Tuesday Turntable 5.12.09

Buenas dias, readers!

Shockingly, (shockingly!) we are already 5 months into 2009. We're being pelted with news of a failing economy, watching the giants of record stores close their doors, people are in theory having less to spend on shows and albums.
But the artists out there aren't taking this as a cue to hold back. Far from it, the first bit of 2009 has churned out some really impressive and inspiring new music.

The disco backbeat of "Heads Will Roll" is the most conventional use of synth Yeah Yeah Yeahs have employed on new album It's Blitz, but it does nothing to take away from the fresh feeling of the track. Some U2-reminiscent guitar backing makes the track feel mature and legit. First and foremost, though, YYY are looking to send some great dance-pop our way, and this is indeed first-class stuff.
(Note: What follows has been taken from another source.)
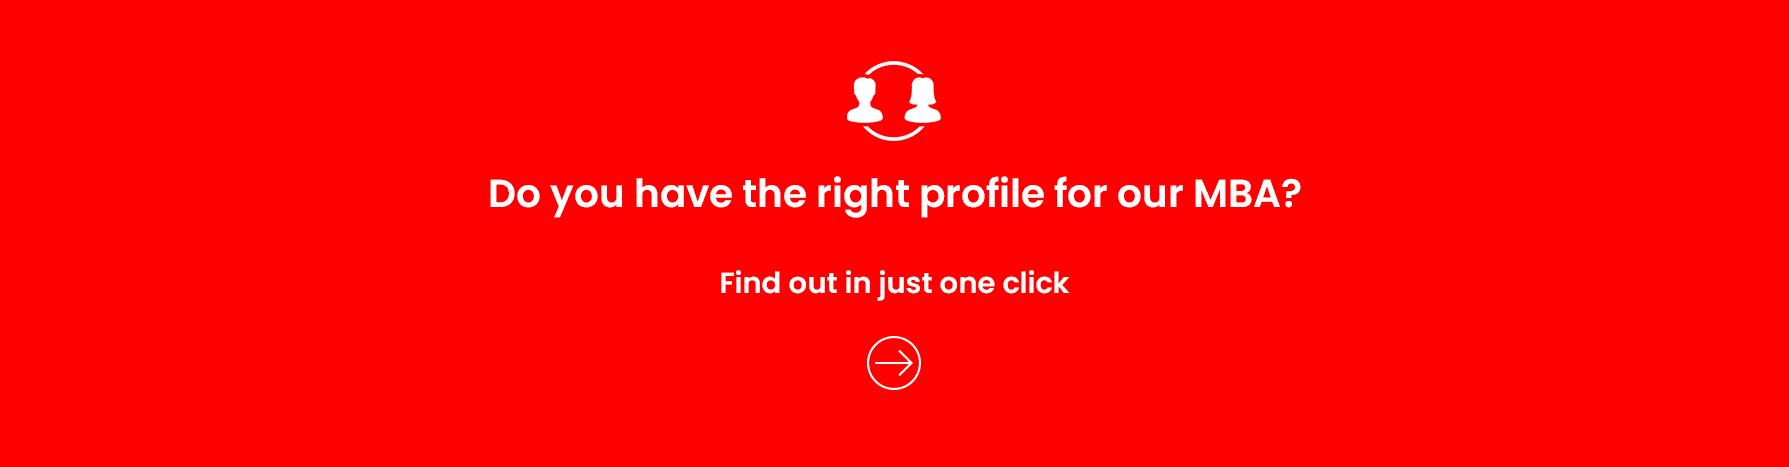 Feedback on Your Profile

The amount of praise Merriweather Post Pavilion has been receiving has been daunting, a lot for the Animal Collective album to live up to. However, Panda Bear's ode to his wife and daughter, 'My Girls,' is every bit as freaky and fantastic as we have come to expect and love from Animal Collective. The ethereal Beach Boys harmonies build to a very AC climax, and ends leaving you want to devour the critically acclaimed album in its totality.

I am new to The Pains of Being Pure at Heart but not to their indie-roots lo-fi sound. When you hear a band with a sound as raw and exposed as that on "Contender," you feel this instant inclination to instantly become an insanely loyal fan. This band excites me, I can't wait to snatch up their album and explore them further. Until then, they are so cute that I insist upon spreading their name as far as I can.
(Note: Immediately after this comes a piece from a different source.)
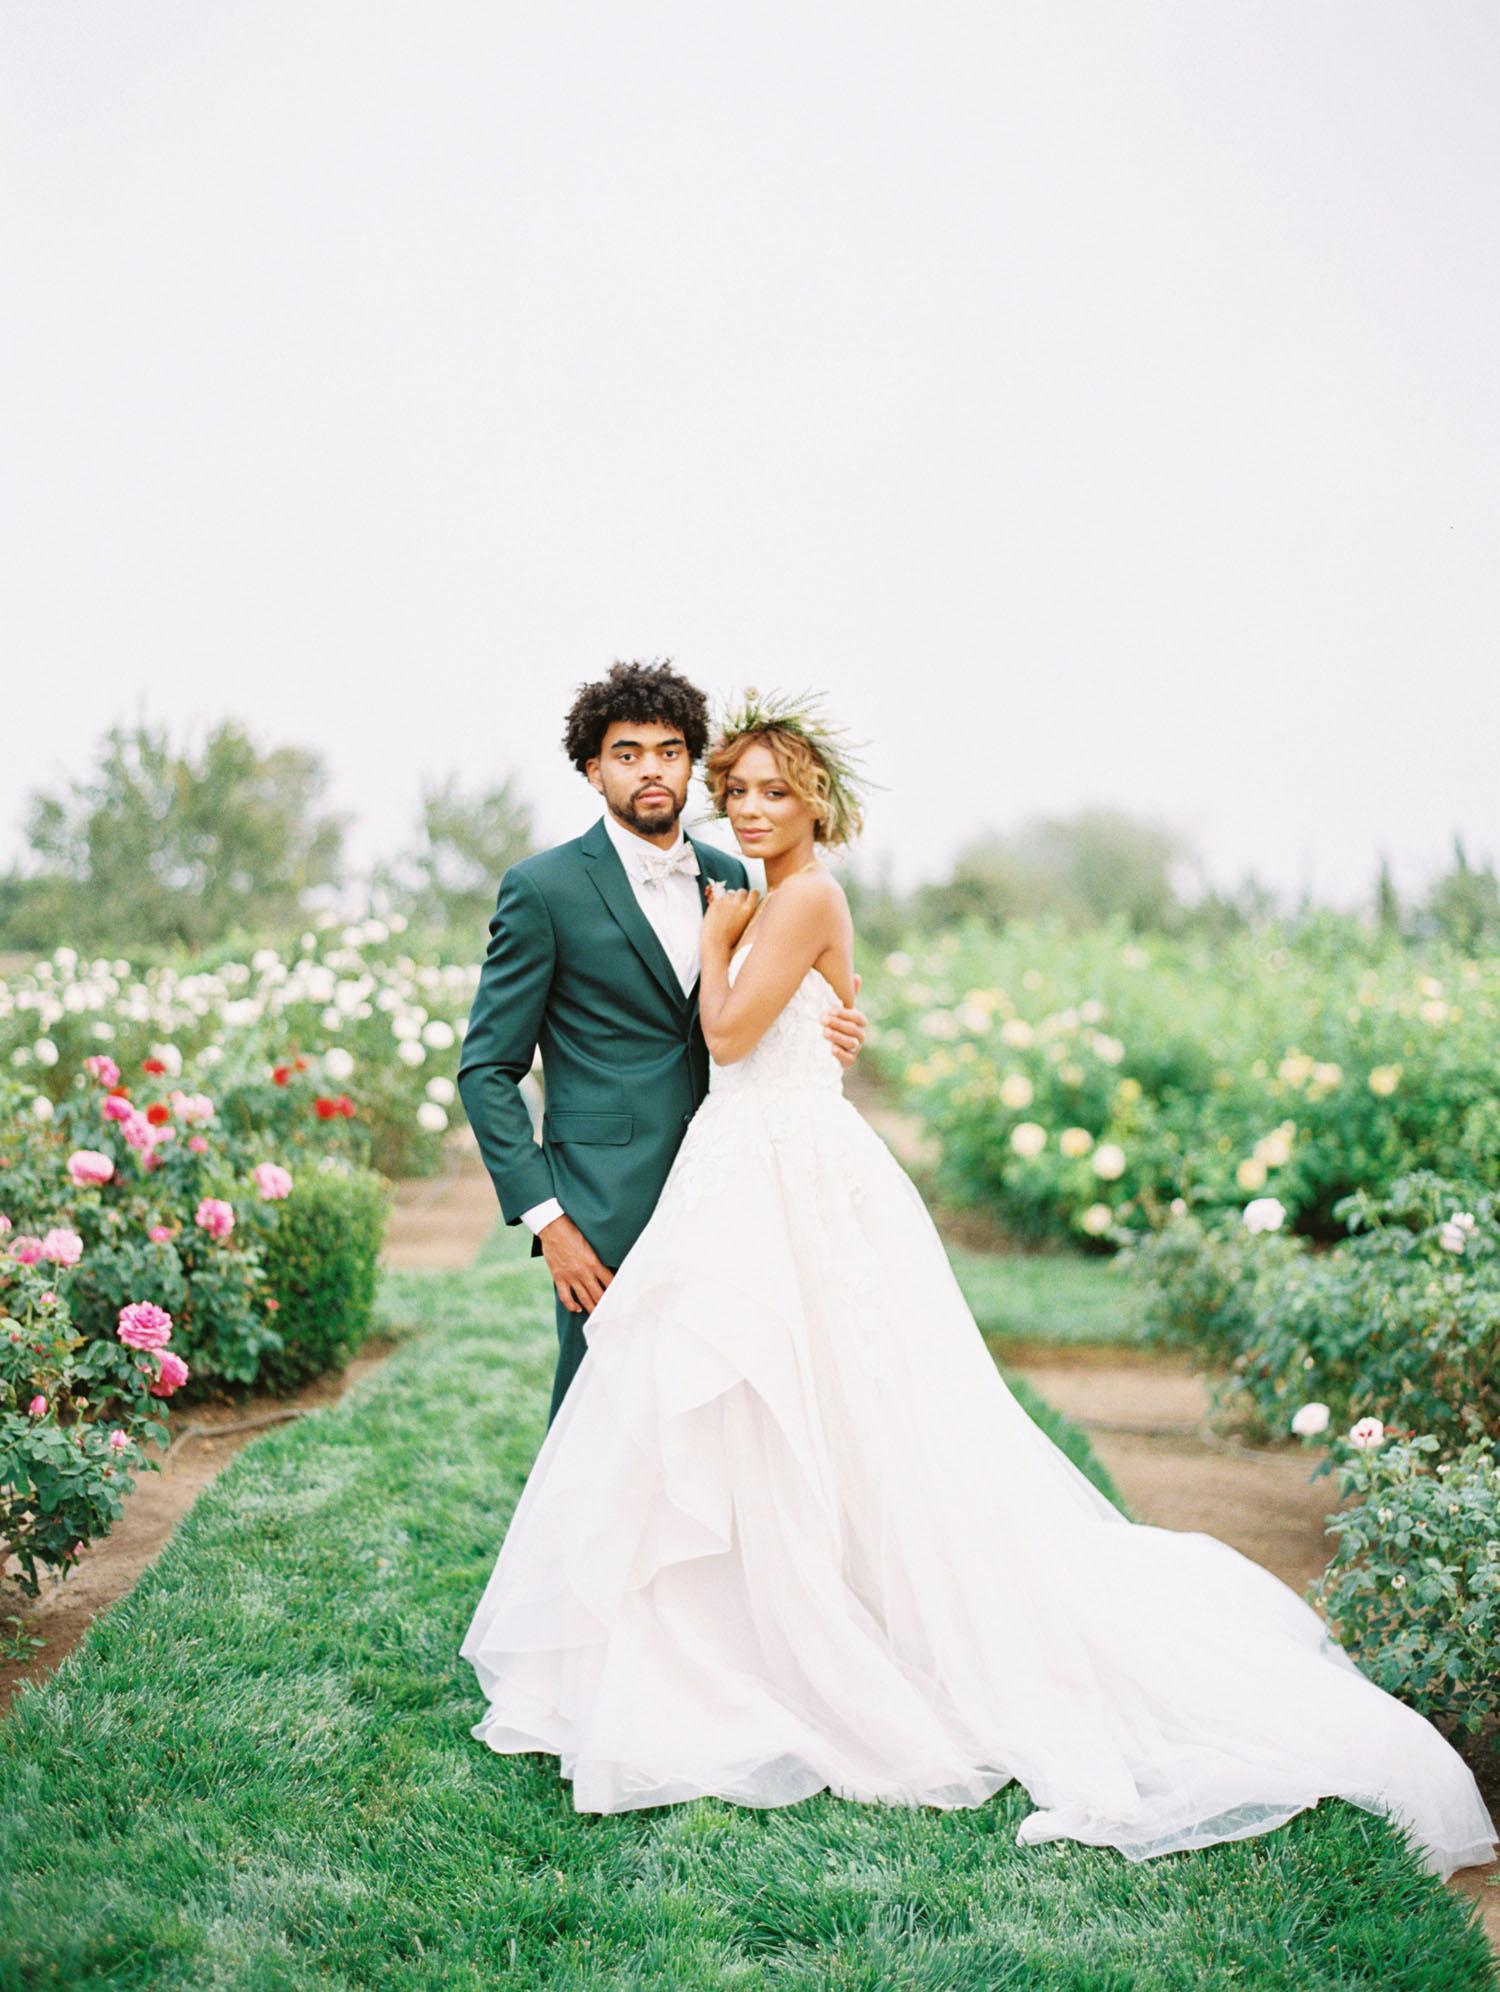 Intimate Greenhouse Garden Wedding Inspiration

I resisted using "The Rake Song" as representative from The Decemberists' Hazards of Love. A cool song, and certainly the most single-ready (although, from Hazards, 'single-ready' is a heavily relative term.) In most respects, "The Wanting Comes in Waves / Repaid" is a stronger song, and my favorite from the album. My Brightest Diamond's Shara Worden's vocals in her role as the Witch-Queen blow me away every time.

As I am disposed to do, I leave us dancing at the end of this turntable. Suburban Kids with Biblical Names are another up-and-coming group that has mags and review sites buzzing. "1999" makes me think of some of its poppier antecedents in the 80's, but you would never actually mistake SKwBN for something that actually came from the era of The Breakfast Club - it's sound is too new and experimental. New is good. Me likey.